◆ INSTRUCTIONS TO FOLLOW:
Beneath this line are entries. Copy the range from the line with "MPSC Agricultural Services" to the line with "A Very Happy", ends included, exactly; leave pictures out.

◆ RECORDS FOR THIS EXERCISE:
┌──
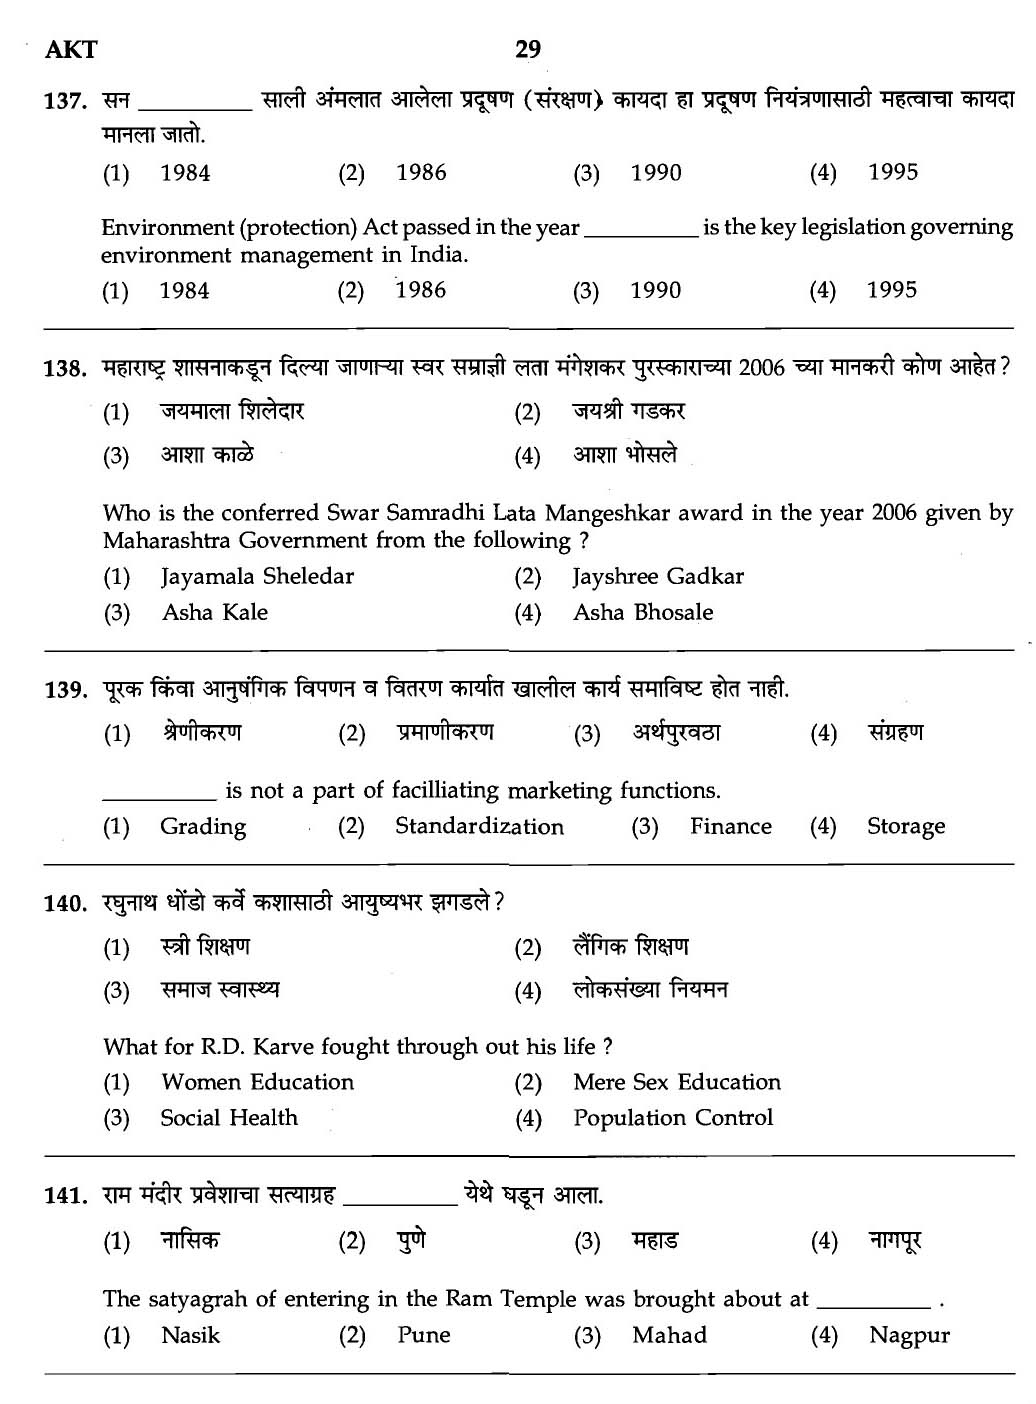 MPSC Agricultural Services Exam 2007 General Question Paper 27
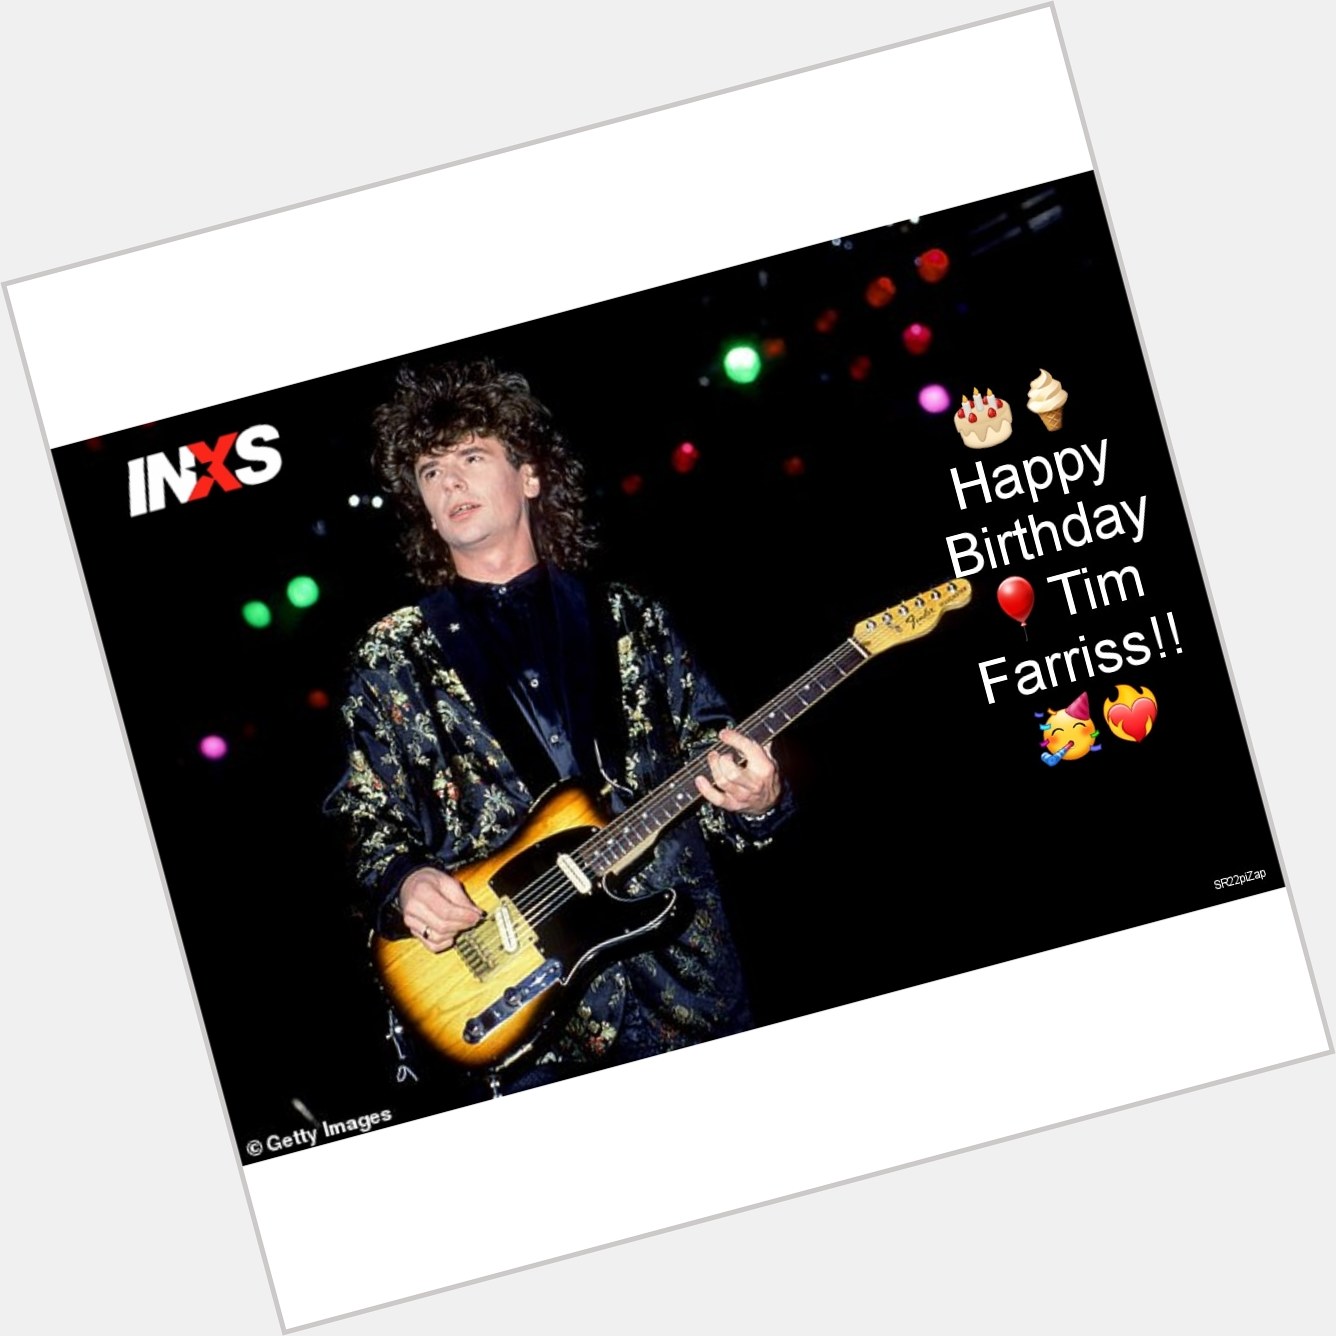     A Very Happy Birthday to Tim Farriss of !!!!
└──
┌──
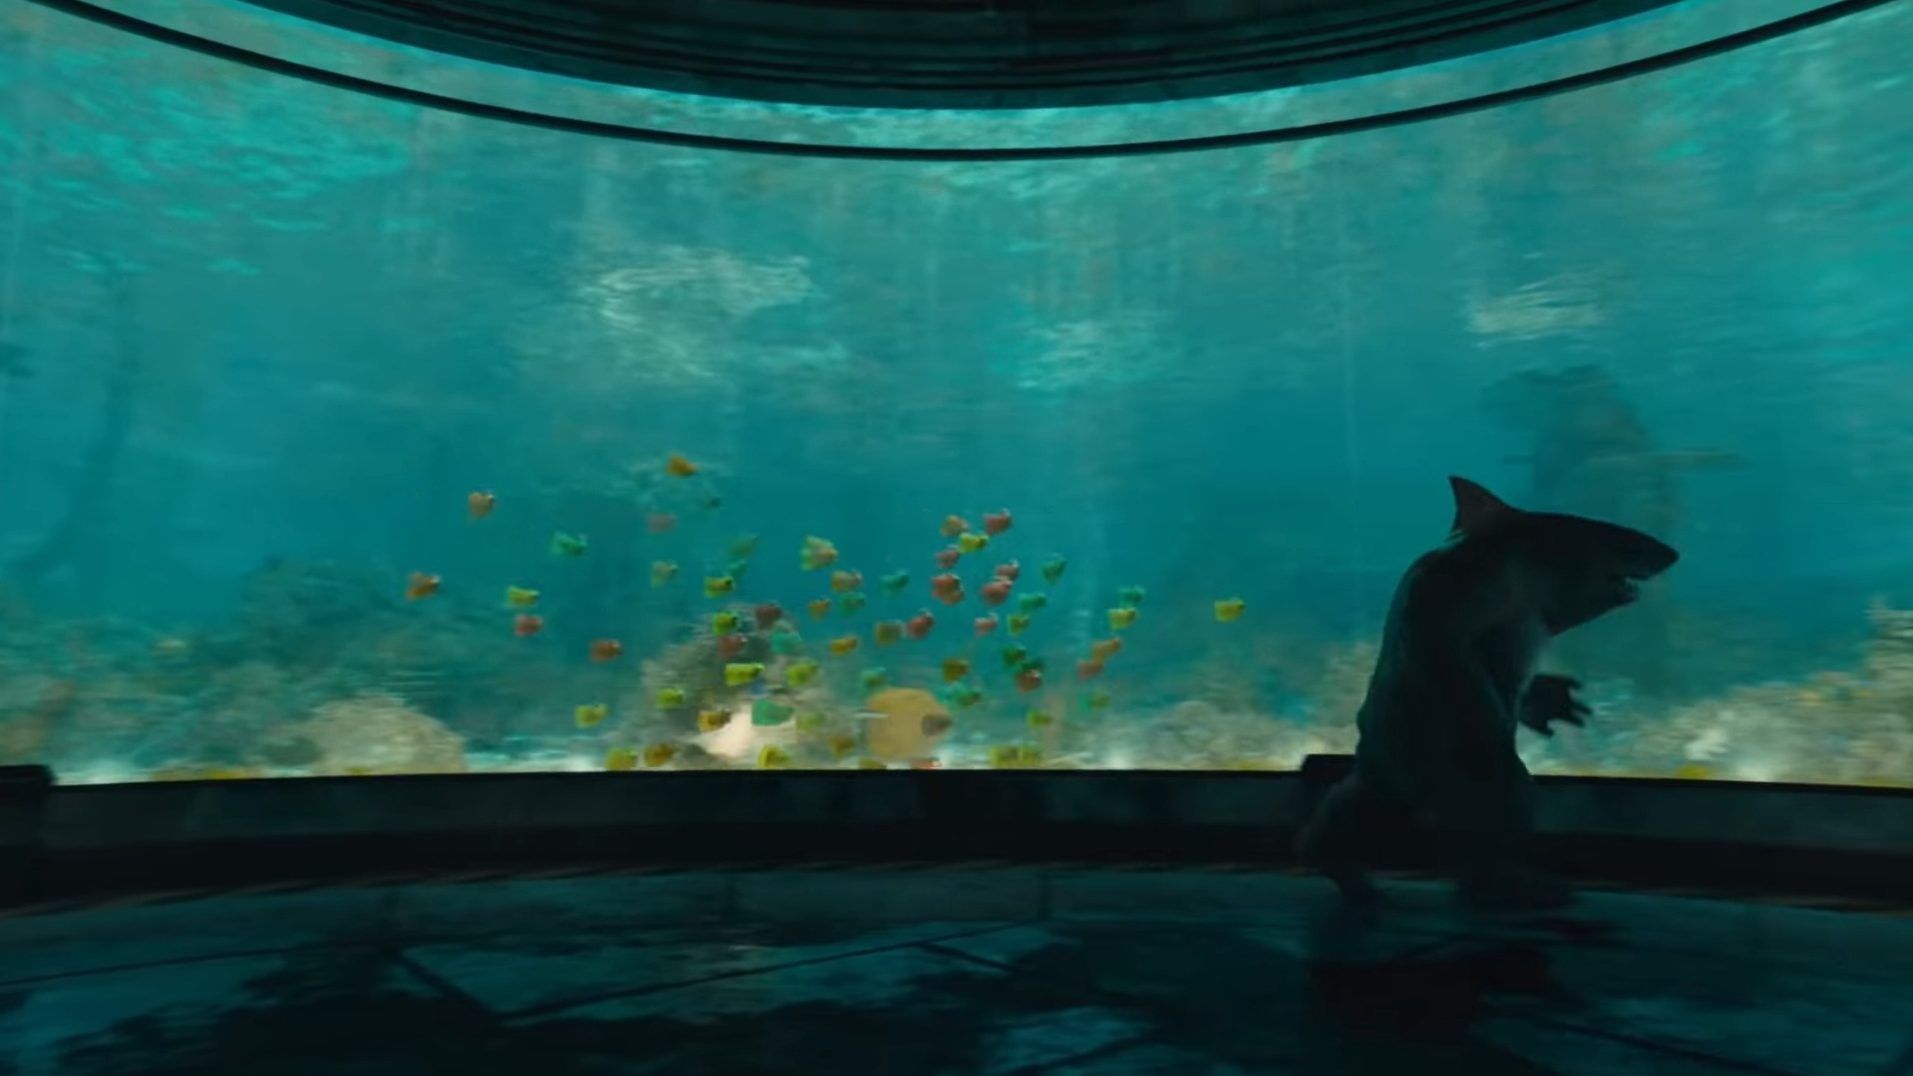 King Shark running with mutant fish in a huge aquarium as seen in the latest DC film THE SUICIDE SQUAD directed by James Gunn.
└──
◆ RESULT:
 MPSC Agricultural Services Exam 2007 General Question Paper 27
     A Very Happy Birthday to Tim Farriss of !!!!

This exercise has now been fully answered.